Что мне делать? Что могу я сделать? Как могу я убежать из этого рабства ночи, мрака и…
Последний валун оказался ничуть не легче своих предшественников, и вконец озверевший Слюнь в сотый раз взревывал диким котом, обсасывая придавленные пальцы и ища виноватых, на ком можно было бы согнать бессильную злобу, – и не получал никакого удовольствия от безответного, вывалянного в песке Гро.
– Это ты, паскуда, сманил меня, – бурчал возмущенный Слюнь, утративший изрядную долю прежней щегольской кучерявости. – Распелся в кабаке, мы, мол, вольные бродяги, мы топчем прах веков… – а я, козел, клюнул, сопли развесил!.. Сидел бы сейчас у Мамы, девок в ночное водил, а ты бы ворочал свой проклятущий прах в одиночку! Или с Удавом… Он бы тебе наворочал!.. Шляются с Арельо по деревне, мудрецы хреновы, а мы тут за них камни шуруем – и добро бы по делу, а то плиты под ними одни, и хоть бы какая зараза!.. А солнце, просто как с Веромом сговорилось, жарит и жарит, делать ему, облезлому, нечего, что ли? Чтоб его… Нет уж, Гро, и не надейся – я теперь умный, молчу, молчу, а то он, гад, подкрадется, или Удав нашипит, потом не расплатишься. Я с ним как-то по селению прошелся – люди ставни позакрывали, собаки брешут, один баран Фоланс пивом его поит. Его поит, а меня, значит, – иди, мол, Слюнчик, к колодцу, хорошая водичка, родниковая, у вас в Городе такой нет… Вот и хлебал бы сам водичку свою драную, морда скоро лопнет, с водички небось!..
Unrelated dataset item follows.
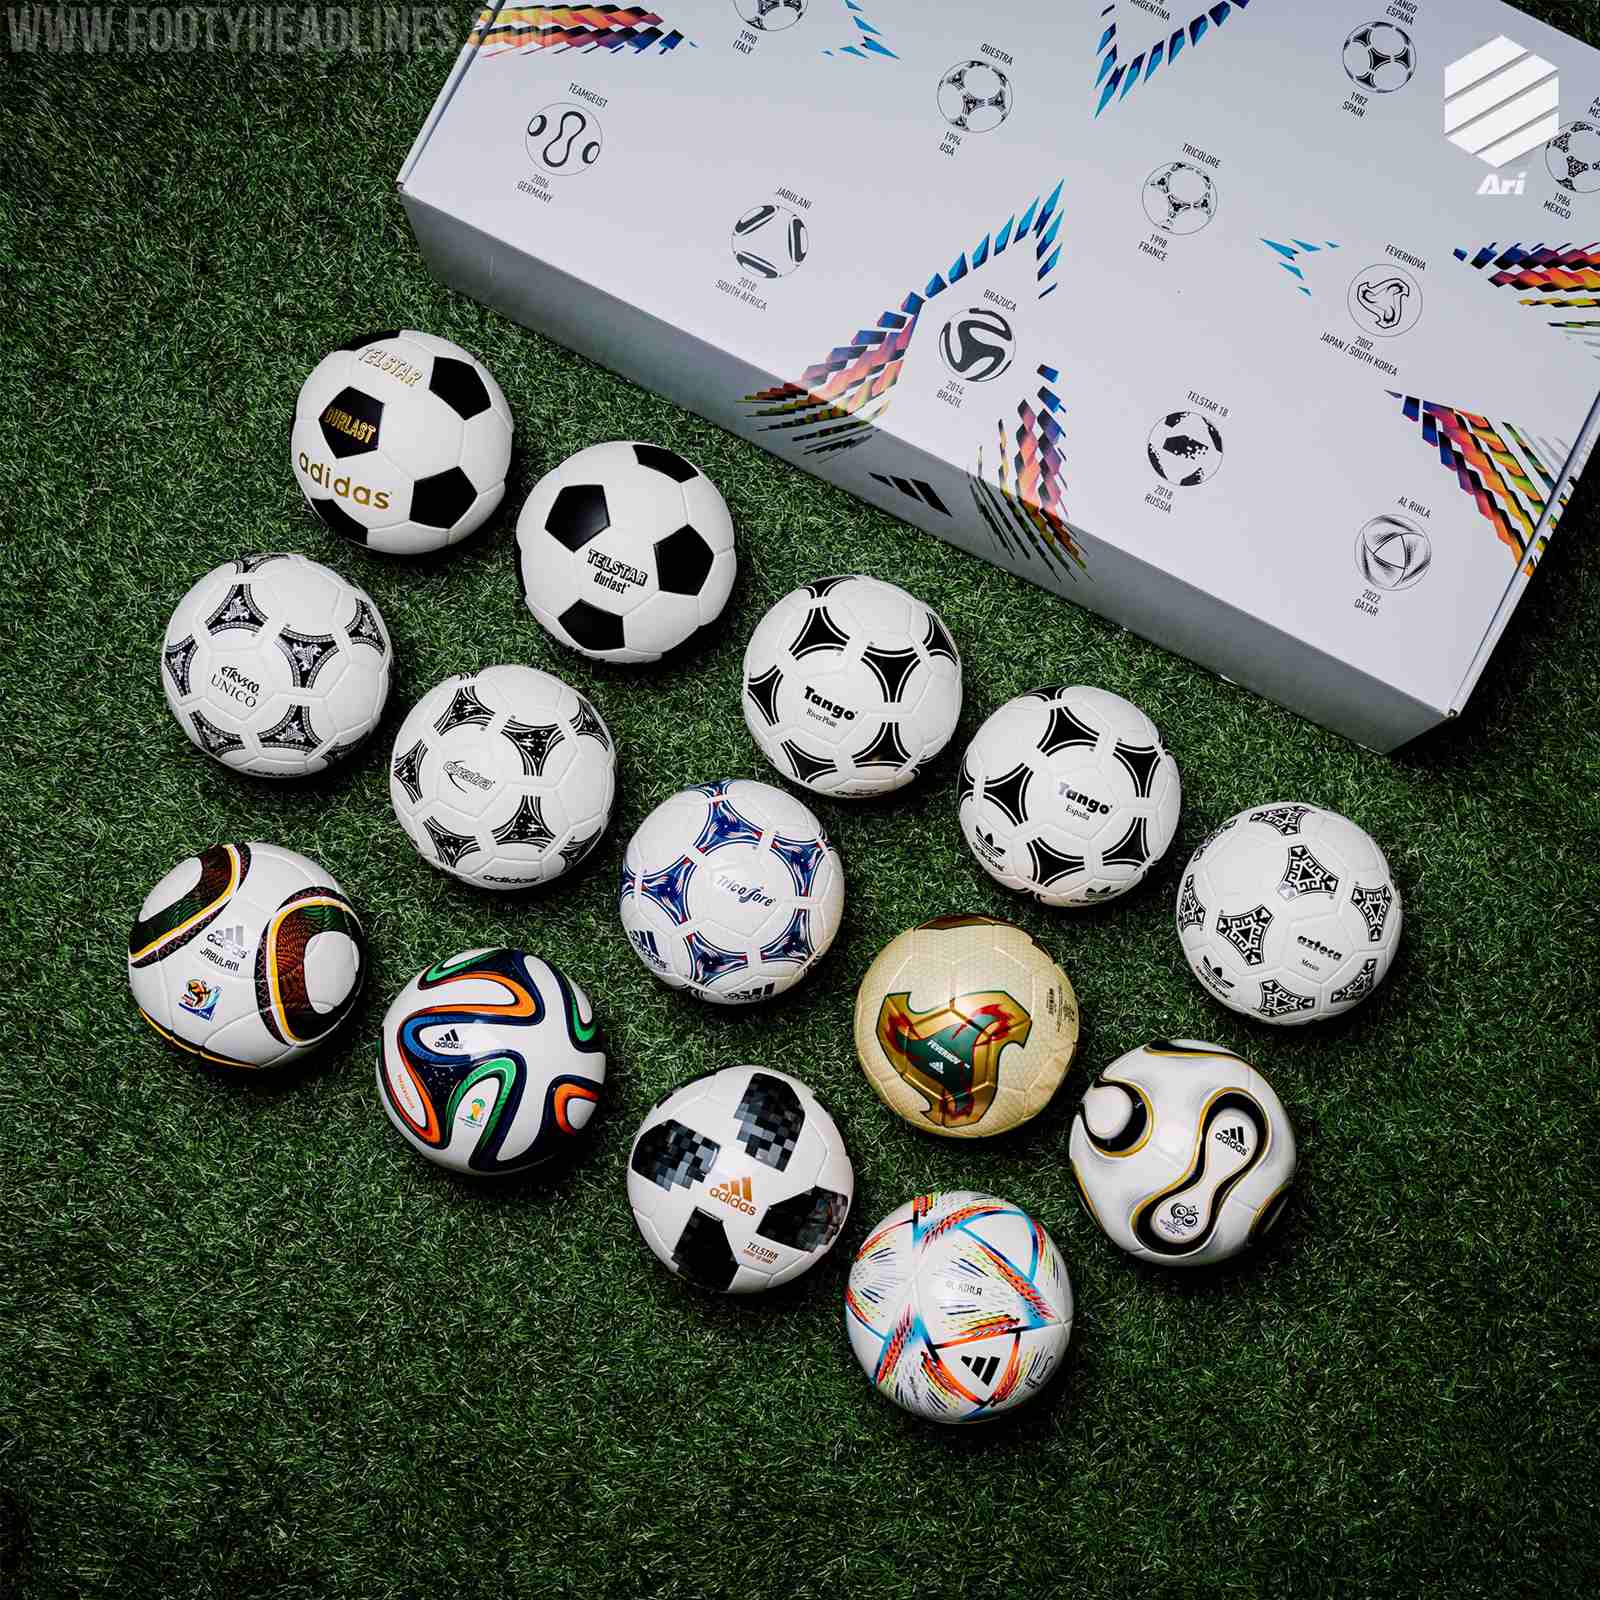 World Cup Mini Ball - The Football Factory

Слышь, Гро, там придурок один бродит, на тебя похож, потешный такой, – так и тот, Верома увидел, чуть по швам не разошелся; костылями дрыгает. «Глаза! Глаза! – вопит. – Смотрят! Не дам, не дам, сгинь, не возьмешь!..» А чего не даст – не говорит. Хотя ему и давать-то нечего, он же не Нола, та как подсуетится, так ни мне, ни Арельо копать уже не захочется. Собственно, он и не копает…
А придурок скачет и руками прямо под носом у Верома машет, вроде пугает. Подрыгал, поорал – а после сел и тихо так, с надрывом: «Пошел прочь, дурак, пошел прочь, дурак, пошел…» И раз пять так, это Верому-то, понял, Гро? Я уж решил – конец детине, пришибет его Вером, так нет же – сморщился пузырем проколотым и еще тише: «Хорошо, дурак…» Поговорили, значит. Да ты придерживай, соловей ободранный, придерживай, больно ведь, когда такая дрянь да по пальцу, и в который уже раз! Сука ты поганая, я ж тебе говорю – придерживай!!! Подыми, Гро, миленький, ну подыми, чего ты куксишься, не тяни, больно ведь, ой как больно, у-ю-ю-ю-ю-юй… Так о чем же это мы с тобой, до пальца-то?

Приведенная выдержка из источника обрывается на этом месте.